Buffett, who invested $5 billion in Bank of America, said that troubles at the biggest U.S. lender by assets will take "much longer" to clean up.

"The bank has a wonderful underlying business -- it's got lots of problems," Buffett told Liu in the interview.

"The bet is, is Brian going to get rid of those problems?" Buffett said, referring to Bank of America Chief Executive Officer Brian T. Moynihan, 51. "It won't take six months or a year; it will take much longer than that even. But the underlying business is doing fine."

Bank of America, which has lost more than half its market value this year as mortgage-related costs climb, pays Berkshire $300 million annually in preferred stock dividends and gave the company warrants to purchase 700 million shares of common stock for $7.14 each. The deal was announced on Aug. 25, two weeks after Moynihan said his firm had enough capital.

Moynihan, who has been in charge of the Charlotte, North Carolina-based bank since the start of 2010, should be given time to turn the firm around, Buffett said.

European Debt Crisis

Berkshire sold most of its European sovereign-debt holdings about a year and a half ago, the billionaire said in an interview with CNBC. The firm isn't interested in helping to bail out lenders on the continent, he said.

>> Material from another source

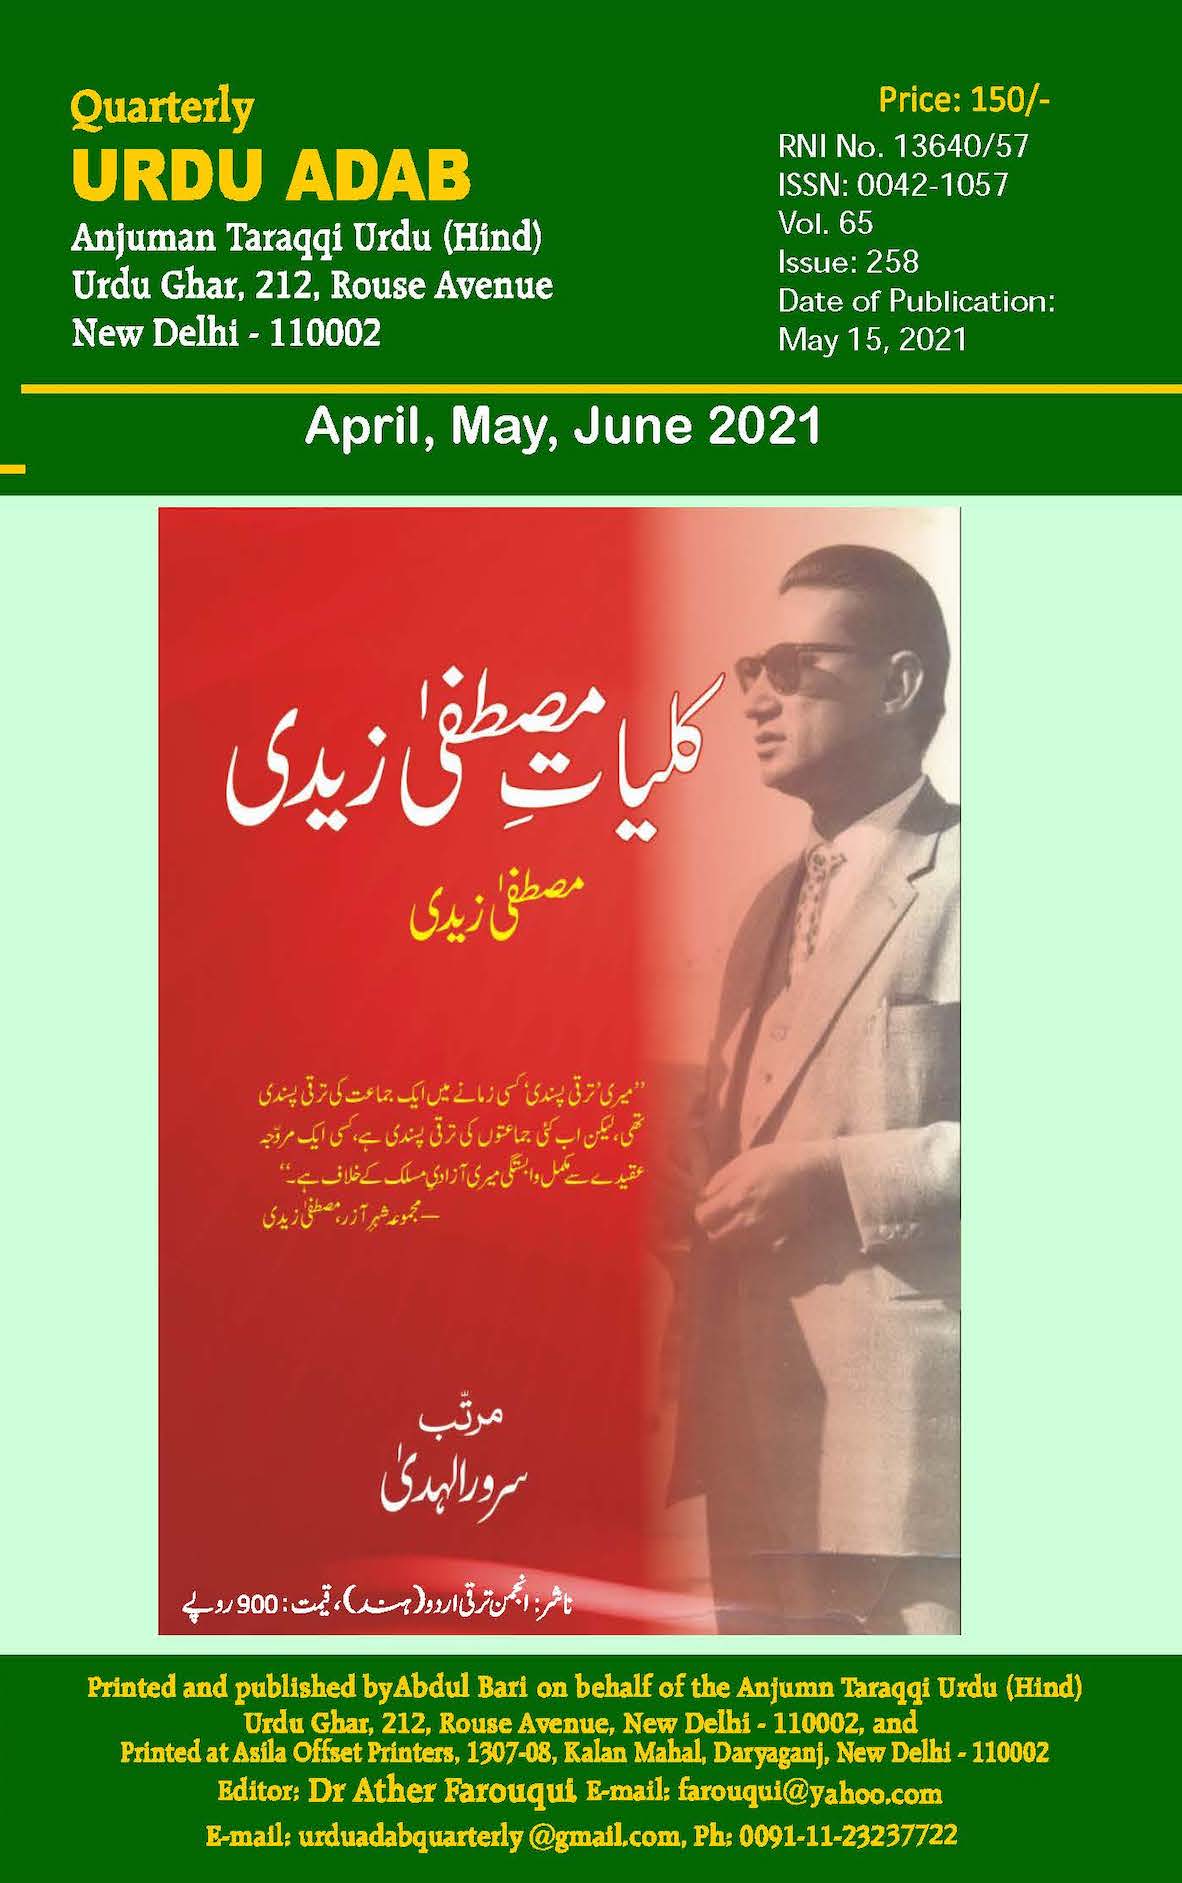 Urdu Adab Quarterly Apr-June'21

"They need capital in their banks, in many of their banks," Buffett said in the Bloomberg interview. "We would not be a good prospect," he said, adding that Berkshire has received "very, very few" calls about putting capital into European banks.

A German reinsurance unit still holds some bonds from that nation, and Berkshire is "fine" with the investment, he said. As for the U.S. economy, Europe's debt crisis is bound to have some fallout, he said.